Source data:

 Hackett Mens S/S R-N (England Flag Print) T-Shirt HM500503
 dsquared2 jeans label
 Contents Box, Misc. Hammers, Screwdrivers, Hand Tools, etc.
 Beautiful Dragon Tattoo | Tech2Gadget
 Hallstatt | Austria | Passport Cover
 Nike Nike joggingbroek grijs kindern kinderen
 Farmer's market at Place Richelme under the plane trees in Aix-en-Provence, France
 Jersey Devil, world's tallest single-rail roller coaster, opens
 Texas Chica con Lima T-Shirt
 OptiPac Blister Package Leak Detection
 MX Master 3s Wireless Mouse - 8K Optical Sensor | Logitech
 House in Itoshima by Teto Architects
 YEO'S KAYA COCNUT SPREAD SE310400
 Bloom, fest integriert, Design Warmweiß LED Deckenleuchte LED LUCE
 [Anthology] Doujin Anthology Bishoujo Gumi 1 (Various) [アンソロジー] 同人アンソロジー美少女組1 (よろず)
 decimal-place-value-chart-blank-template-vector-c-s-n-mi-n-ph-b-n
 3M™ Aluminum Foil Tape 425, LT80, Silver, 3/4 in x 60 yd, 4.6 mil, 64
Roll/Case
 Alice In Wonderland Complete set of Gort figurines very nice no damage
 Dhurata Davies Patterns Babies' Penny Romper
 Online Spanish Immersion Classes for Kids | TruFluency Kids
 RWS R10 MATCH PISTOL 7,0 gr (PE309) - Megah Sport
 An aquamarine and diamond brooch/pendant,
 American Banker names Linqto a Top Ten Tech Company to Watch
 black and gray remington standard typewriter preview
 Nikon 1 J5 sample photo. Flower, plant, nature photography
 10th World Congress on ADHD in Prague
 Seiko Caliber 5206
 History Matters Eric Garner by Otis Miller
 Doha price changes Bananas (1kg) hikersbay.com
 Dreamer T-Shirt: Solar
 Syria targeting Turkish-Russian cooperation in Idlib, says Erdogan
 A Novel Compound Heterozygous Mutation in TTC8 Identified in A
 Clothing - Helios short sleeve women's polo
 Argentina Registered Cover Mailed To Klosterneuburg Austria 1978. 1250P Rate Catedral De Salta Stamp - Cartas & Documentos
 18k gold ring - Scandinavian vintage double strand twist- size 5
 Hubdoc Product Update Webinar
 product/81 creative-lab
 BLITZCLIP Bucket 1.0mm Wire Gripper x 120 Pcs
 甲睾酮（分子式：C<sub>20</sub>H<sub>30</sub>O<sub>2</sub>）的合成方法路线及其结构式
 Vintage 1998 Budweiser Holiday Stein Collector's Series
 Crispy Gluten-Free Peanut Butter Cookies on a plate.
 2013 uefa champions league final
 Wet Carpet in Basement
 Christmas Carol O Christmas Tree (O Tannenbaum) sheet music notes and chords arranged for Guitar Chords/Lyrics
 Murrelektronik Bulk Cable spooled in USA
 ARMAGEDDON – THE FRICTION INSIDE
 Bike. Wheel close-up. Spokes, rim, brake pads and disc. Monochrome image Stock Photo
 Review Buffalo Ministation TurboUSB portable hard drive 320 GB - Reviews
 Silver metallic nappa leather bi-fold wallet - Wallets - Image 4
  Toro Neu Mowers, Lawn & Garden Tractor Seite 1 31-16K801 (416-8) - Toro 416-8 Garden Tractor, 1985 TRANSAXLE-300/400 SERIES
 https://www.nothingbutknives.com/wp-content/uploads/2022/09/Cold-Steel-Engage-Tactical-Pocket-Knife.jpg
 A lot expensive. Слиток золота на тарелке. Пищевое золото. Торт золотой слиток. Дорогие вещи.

*Work to complete*
Return, unchanged, the run of lines above that opens with the line containing "Farmer's market at" and closes with the line containing "Clothing - Helios short sleeve women's polo". Include both.

*Completed task*
 Farmer's market at Place Richelme under the plane trees in Aix-en-Provence, France
 Jersey Devil, world's tallest single-rail roller coaster, opens
 Texas Chica con Lima T-Shirt
 OptiPac Blister Package Leak Detection
 MX Master 3s Wireless Mouse - 8K Optical Sensor | Logitech
 House in Itoshima by Teto Architects
 YEO'S KAYA COCNUT SPREAD SE310400
 Bloom, fest integriert, Design Warmweiß LED Deckenleuchte LED LUCE
 [Anthology] Doujin Anthology Bishoujo Gumi 1 (Various) [アンソロジー] 同人アンソロジー美少女組1 (よろず)
 decimal-place-value-chart-blank-template-vector-c-s-n-mi-n-ph-b-n
 3M™ Aluminum Foil Tape 425, LT80, Silver, 3/4 in x 60 yd, 4.6 mil, 64
Roll/Case
 Alice In Wonderland Complete set of Gort figurines very nice no damage
 Dhurata Davies Patterns Babies' Penny Romper
 Online Spanish Immersion Classes for Kids | TruFluency Kids
 RWS R10 MATCH PISTOL 7,0 gr (PE309) - Megah Sport
 An aquamarine and diamond brooch/pendant,
 American Banker names Linqto a Top Ten Tech Company to Watch
 black and gray remington standard typewriter preview
 Nikon 1 J5 sample photo. Flower, plant, nature photography
 10th World Congress on ADHD in Prague
 Seiko Caliber 5206
 History Matters Eric Garner by Otis Miller
 Doha price changes Bananas (1kg) hikersbay.com
 Dreamer T-Shirt: Solar
 Syria targeting Turkish-Russian cooperation in Idlib, says Erdogan
 A Novel Compound Heterozygous Mutation in TTC8 Identified in A
 Clothing - Helios short sleeve women's polo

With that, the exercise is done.